Angel Fire East by Terry Brooks

She looked at the house. There was nothing different about it; she felt nothing different inside. She was taking this entire warning system business on faith, but where Pick was concerned, faith was enough. Certainly the demons would detect the system’s presence. Maybe that would be enough to keep them at bay for a day or so. Maybe that would be time enough for her to find out what it was that would unlock Little John’s secret.

She found herself wondering suddenly how she had ever gotten to this point in her life. She was trapped in her home with a creature she did not understand and under attack from demons. She was struggling with her own magic and with the magics of other beings, the combination of which threatened to overwhelm her at any moment. She was hiding secrets that could destroy her. She was twenty-nine years old, adrift in both the purpose and direction of her life, her future uncertain.

What was her reason for being? Her gift of magic seemed pointless. Her life appeared to have led nowhere. She had been special since birth, but nothing of who she had been gave her insight into who she was meant to be. She was at an impasse, and the events of these past few days only pointed up how thoroughly lost she was.

If Gran were still here, would she be able to tell me what I ought to do? Would she understand the reason for all that has happened in my life? Or would she be as lost as I am ?

Likely, she would just tell me to get on with it.

There was no steadying influence in her life. No parents, grandparents, husband, or children. No family. There were friends, but that wasn’t the same thing. She felt the lack of an anchor, of a touchstone that would give her a sense of belonging.
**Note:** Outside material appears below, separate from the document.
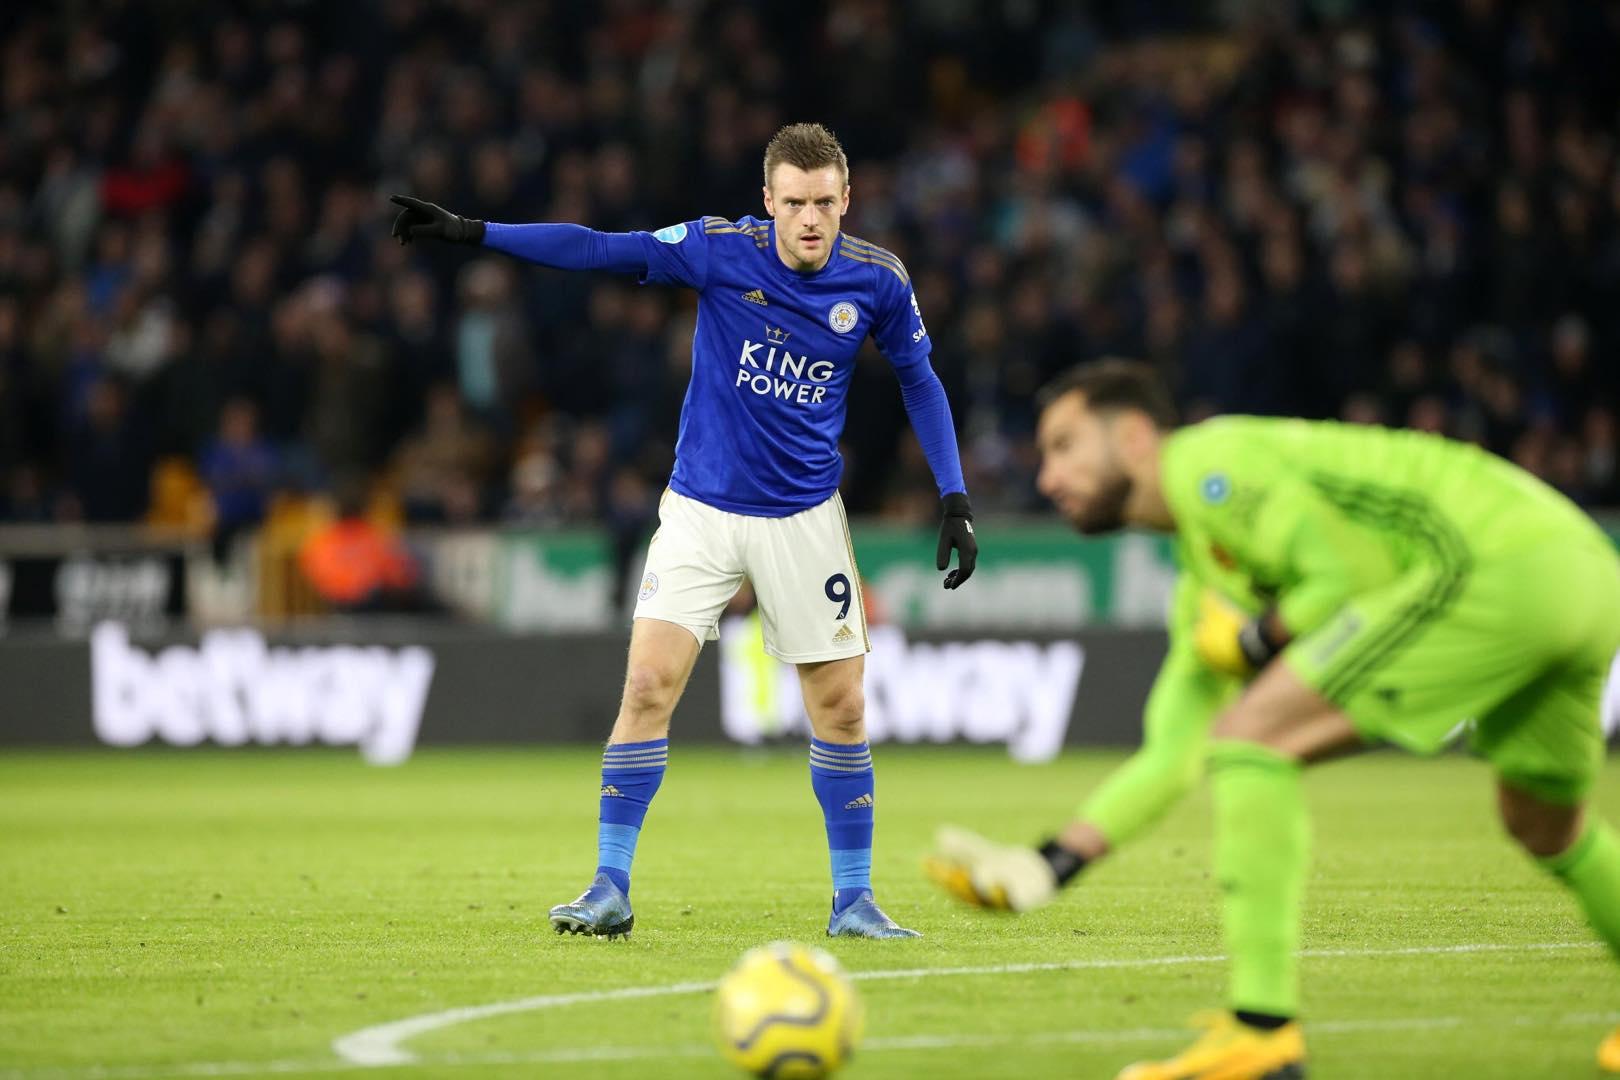 蓝狐传奇!瓦尔迪成莱斯特队史第2位英超出战200场的球员

The house had provided that once. And the park. All the places she had grown up in, the tapestry of her journey out of childhood. But somehow they weren’t enough anymore. They served only to trigger memories that locked her in the past.

She stood thinking on the matter for a long time, staring off into space, traveling distances too far to be seen clearly.

Then the door opened, and John Ross stepped out onto the back steps. “Better come inside, Nest,” he said quietly. “The sheriff’s office is on the phone. They’ve found Bennett Scott.”

CHAPTER 22

As she drove to Community General Hospital, nosing the Taurus between the dirt-and-cinder-encrusted snowbanks plowed up from the streets, Nest found herself reflecting on the cyclical nature of life. Her thinking wasn’t so much about the fact of it—that was mundane and obvious— but about the ways in which it happened. Sometimes, in the course of living, you couldn’t avoid ending up where you began. You might travel far distances and experience strange events, but when all was said and done, your journey brought you right back around to where everything started.

It was so in an unexpected way for Bennett Scott. She had almost died on the cliffs at Sinnissippi Park fifteen years ago, when she was only five. Nest had been there to save her then, but not this time. It made Nest wonder if the manner of Bennett’s death was in some way predetermined, if saving her from the cliffs the first time had only forestalled the inevitable. It was strange and troubling that Bennett should die this way, after escaping once, after it seemed that whatever else might threaten, at least she was safe from this.

Thinking on the cyclical nature of Bennett Scott’s life and death reminded Nest of her mother. Caitlin Anne Freemark had also died at the bottom of the cliffs in Sinnissippi Park, shortly after Nest was born. For years, there had been questions about how she had died—whether she had slipped and fallen, wandered off by mistake, or committed suicide. It wasn’t until Nest had confronted her demon father that she had discovered the truth. He had instigated the events and emotional trauma that had led to her mother’s death. Call it suicide or call it a calculated orchestration, the cause and effect were the same.